Data under study:
=== Section Start ===

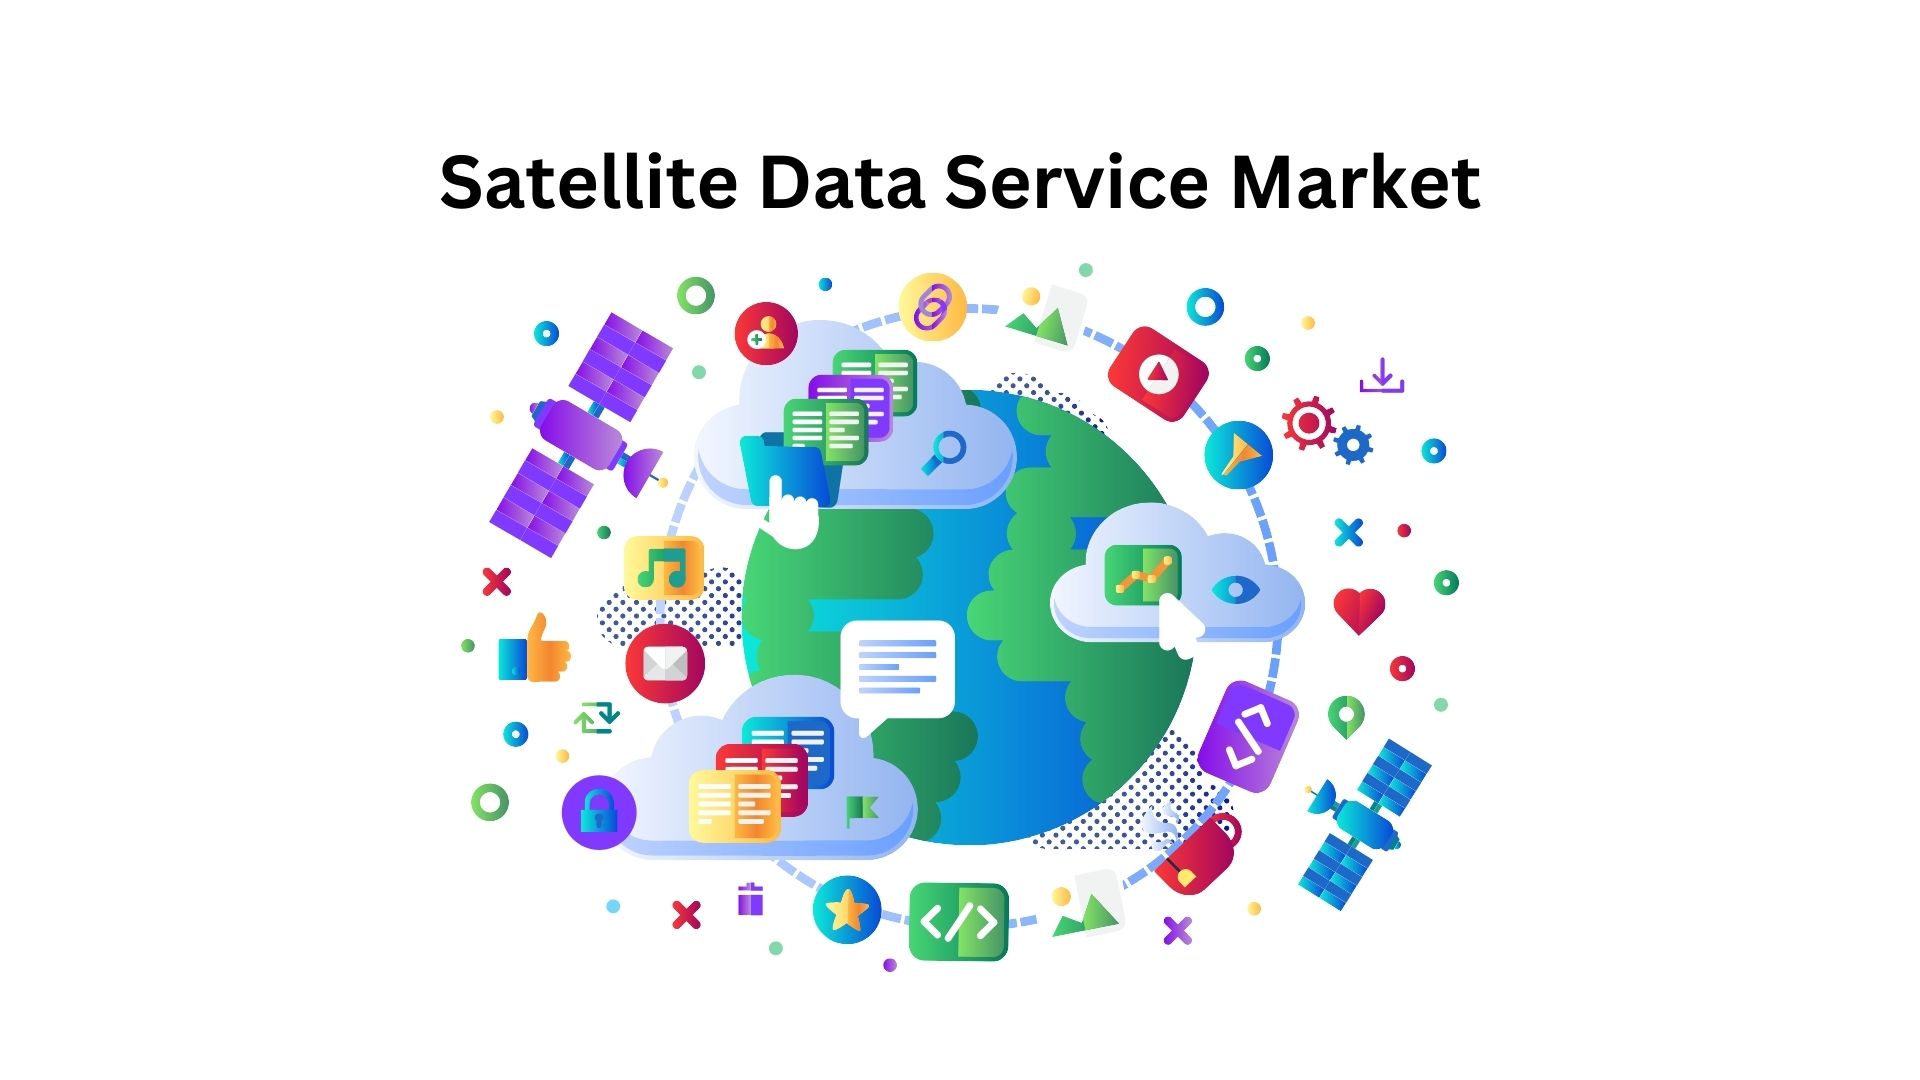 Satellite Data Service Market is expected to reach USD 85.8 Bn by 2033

=== Section End ===
=== Section Start ===

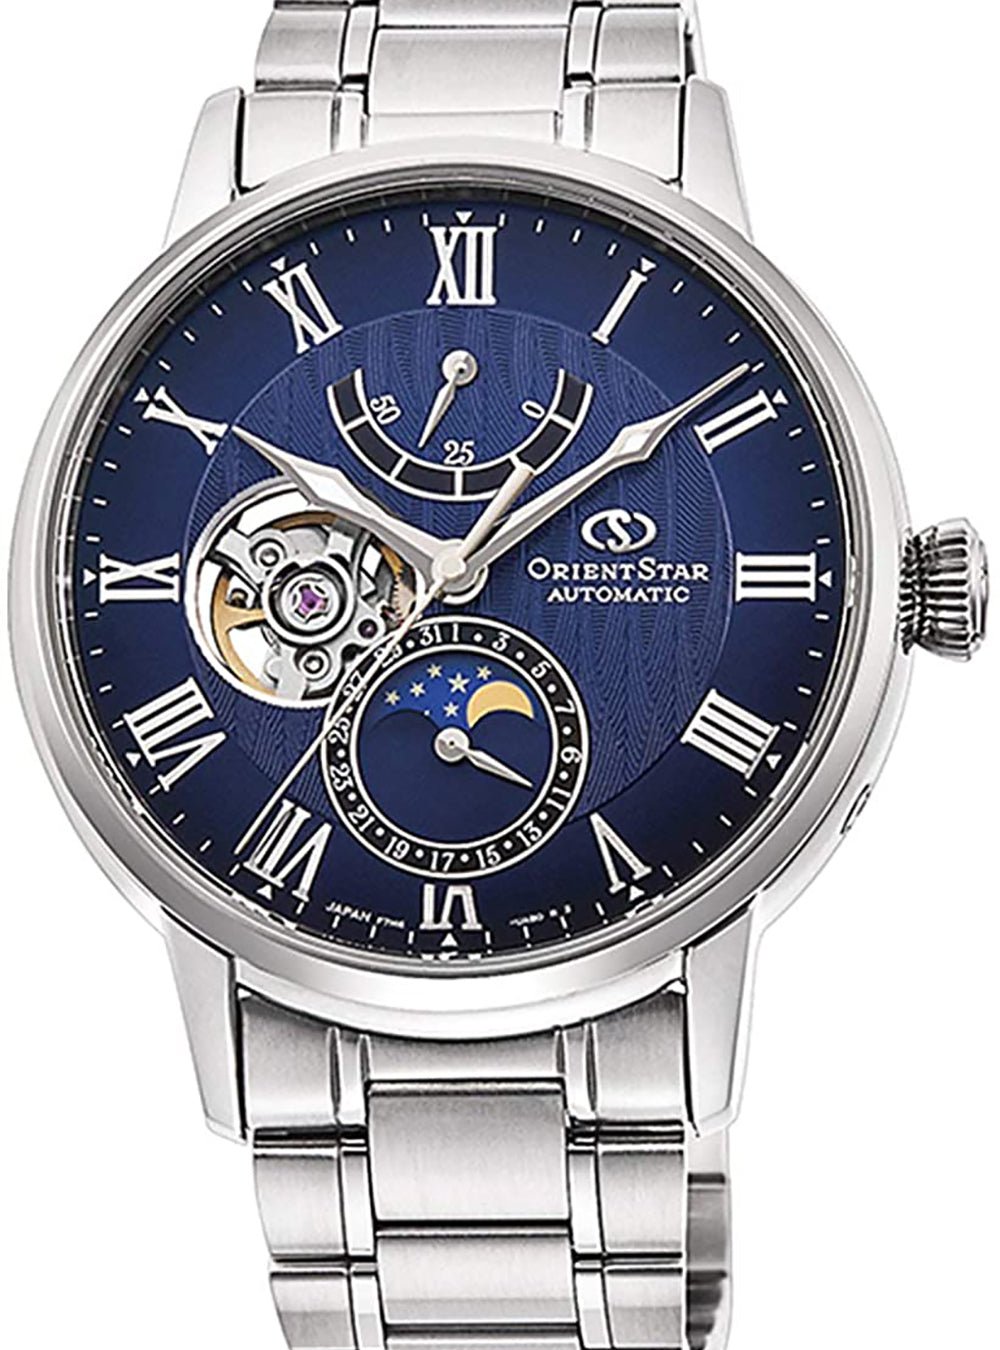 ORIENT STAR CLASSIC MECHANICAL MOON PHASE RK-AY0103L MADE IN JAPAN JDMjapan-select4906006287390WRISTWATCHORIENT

=== Section End ===
=== Section Start ===

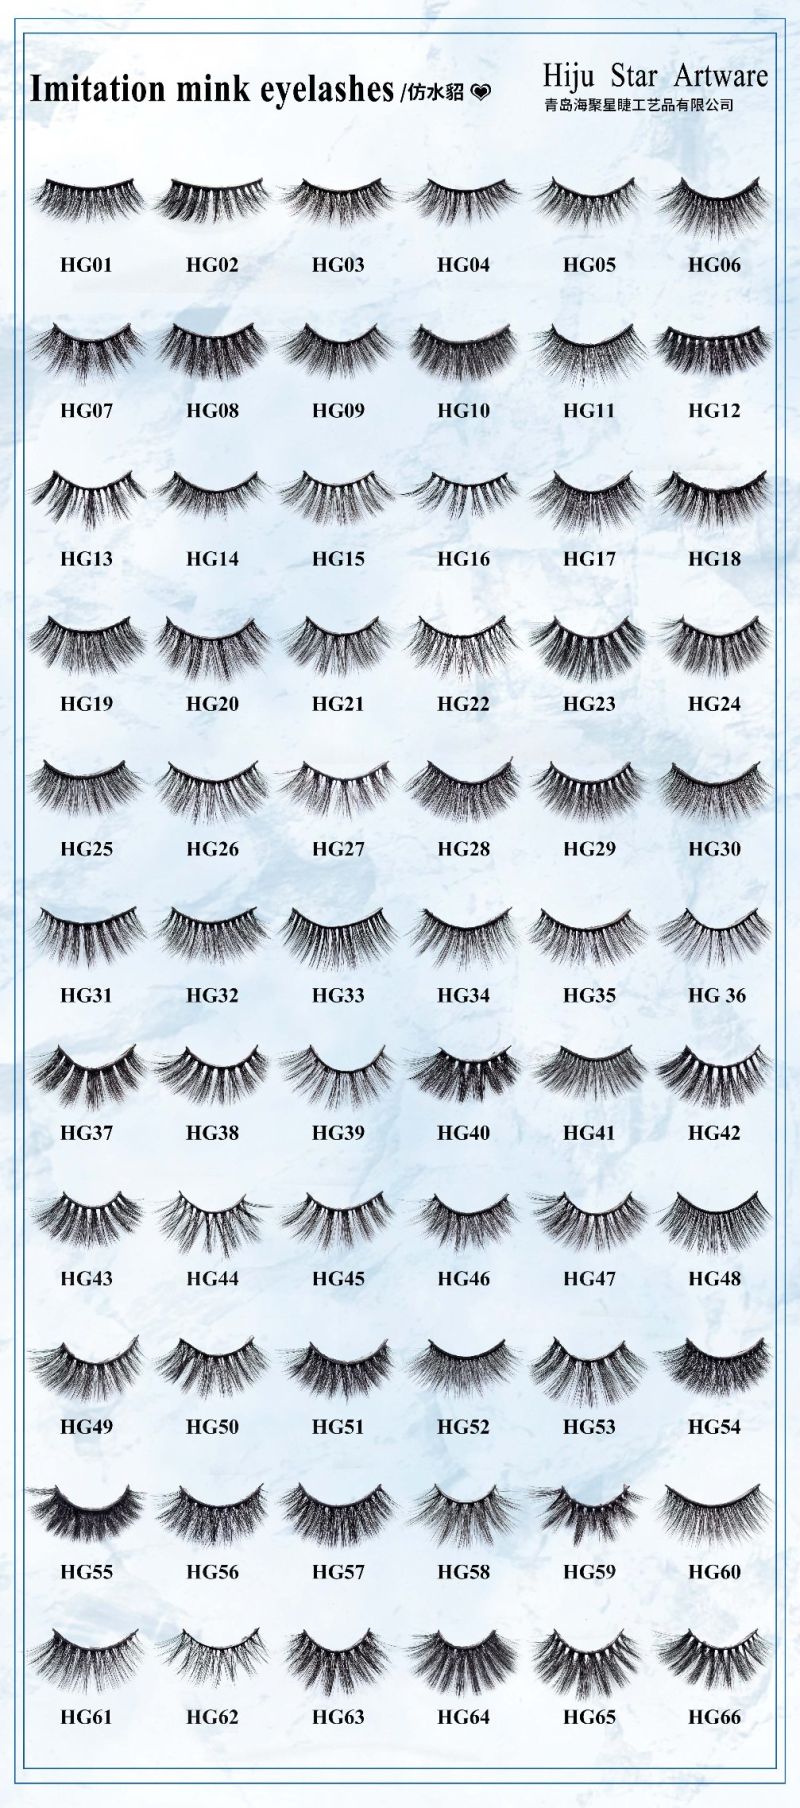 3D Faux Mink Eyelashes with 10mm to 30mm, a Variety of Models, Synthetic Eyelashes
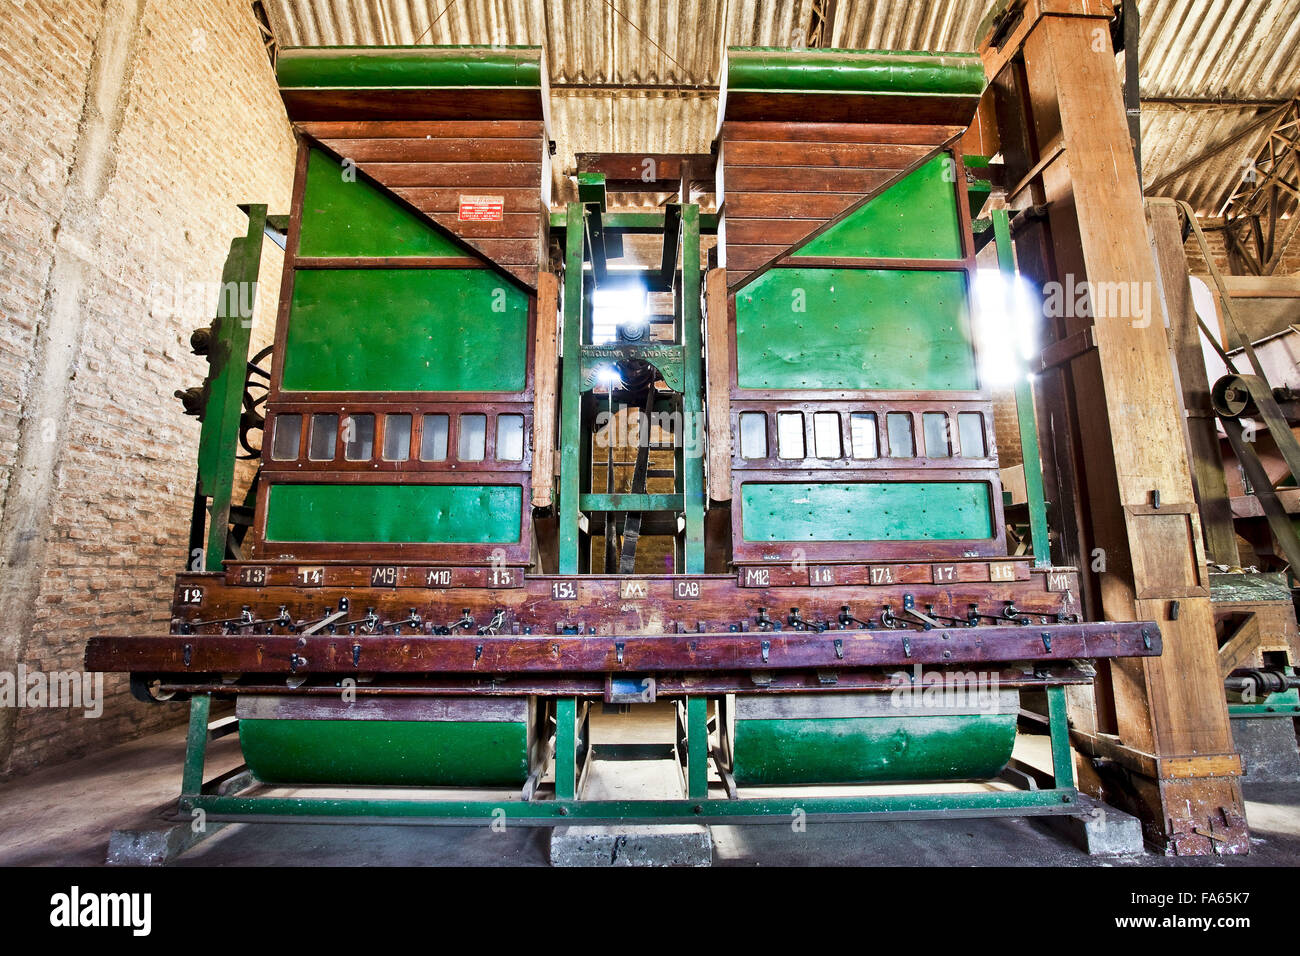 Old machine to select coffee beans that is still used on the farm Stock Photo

=== Section End ===

Activity: The material above holds pictures; leave them out and set down exactly the lines from the line with "3D Faux Mink" to the line with "Old machine to", both included.

Response for this exercise:
 3D Faux Mink Eyelashes with 10mm to 30mm, a Variety of Models, Synthetic Eyelashes
 Old machine to select coffee beans that is still used on the farm Stock Photo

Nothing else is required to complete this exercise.